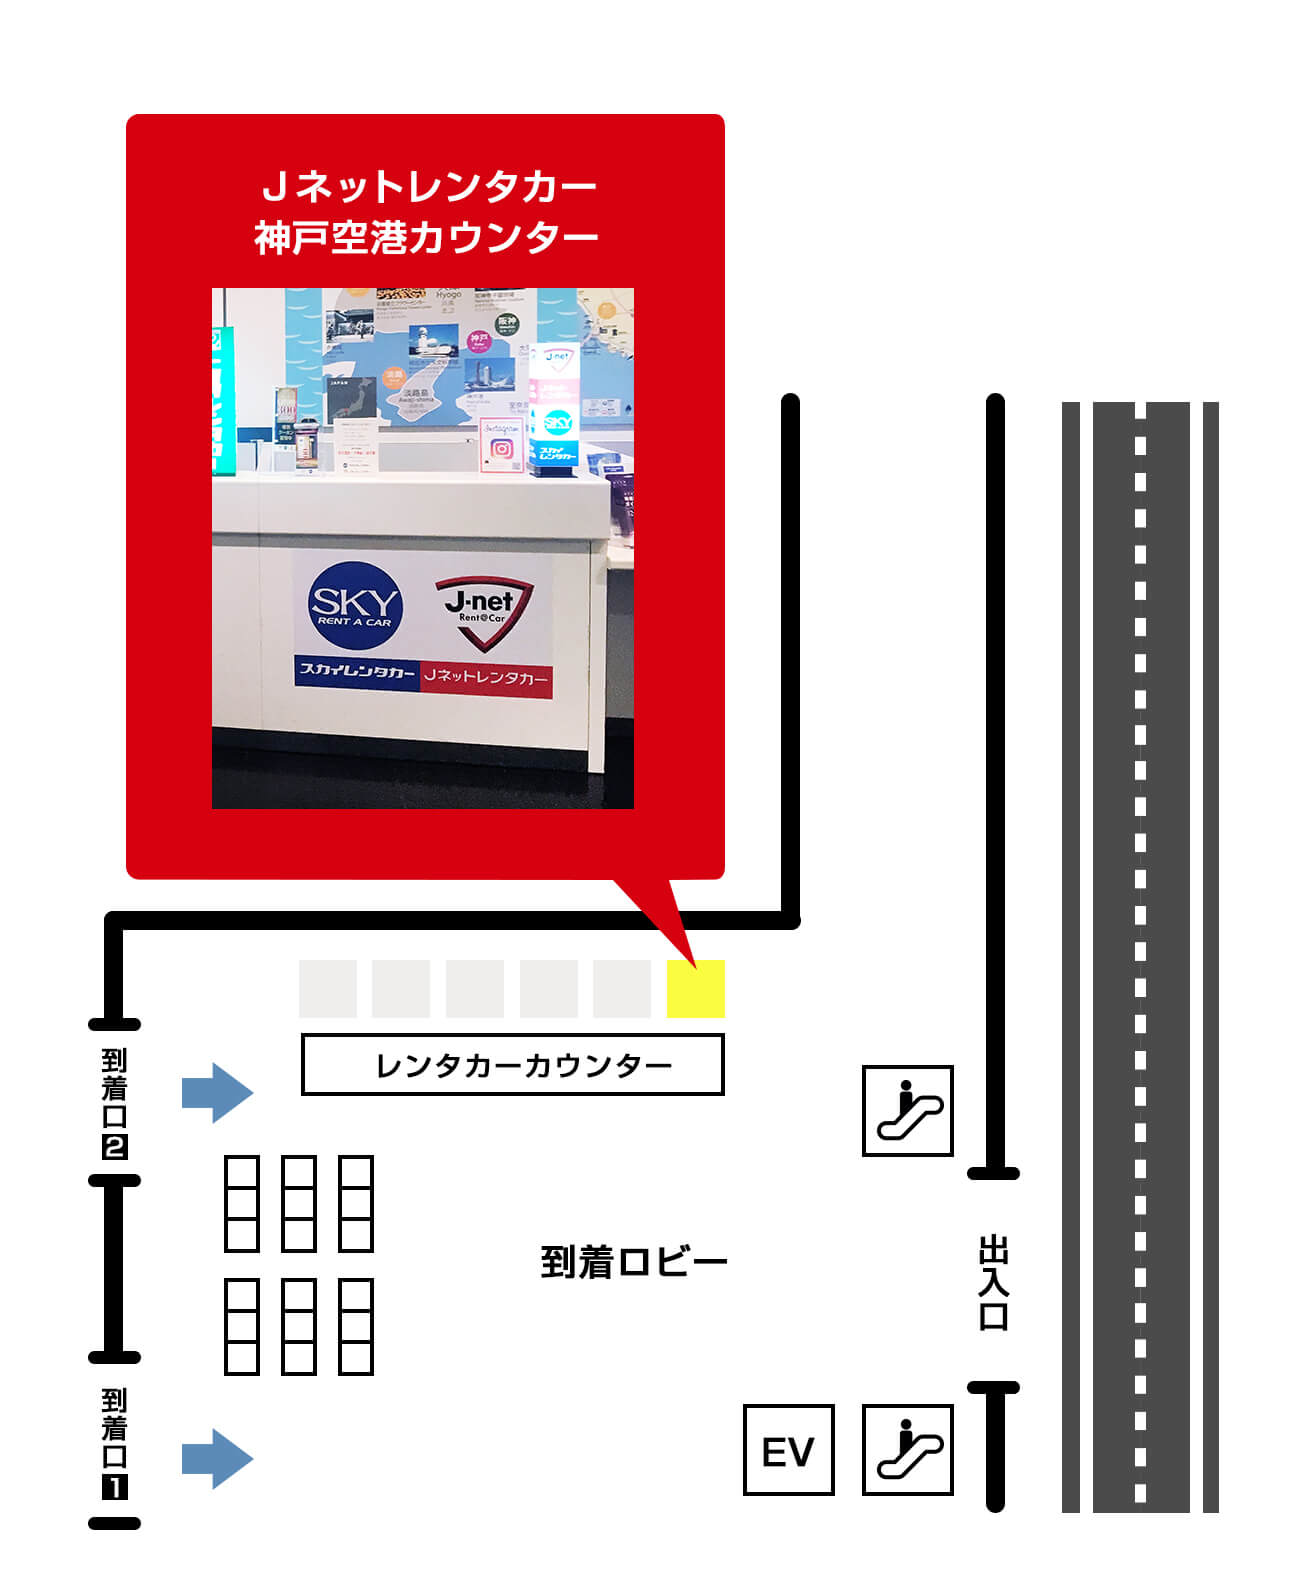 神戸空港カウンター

* * *

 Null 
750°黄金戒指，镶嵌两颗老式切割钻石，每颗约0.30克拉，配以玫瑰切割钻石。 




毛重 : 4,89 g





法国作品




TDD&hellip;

- [THE PROBLEM]:
Word for word, restate the lines of the data above that fall between the line holding "750°黄金戒指，镶嵌两颗老式切割钻石，每颗约0.30克拉，配以玫瑰切割钻石。" and the line holding "TDD&hellip;", inclusive, and no other lines.

- [FINISHED TASK]:
750°黄金戒指，镶嵌两颗老式切割钻石，每颗约0.30克拉，配以玫瑰切割钻石。 




毛重 : 4,89 g





法国作品




TDD&hellip;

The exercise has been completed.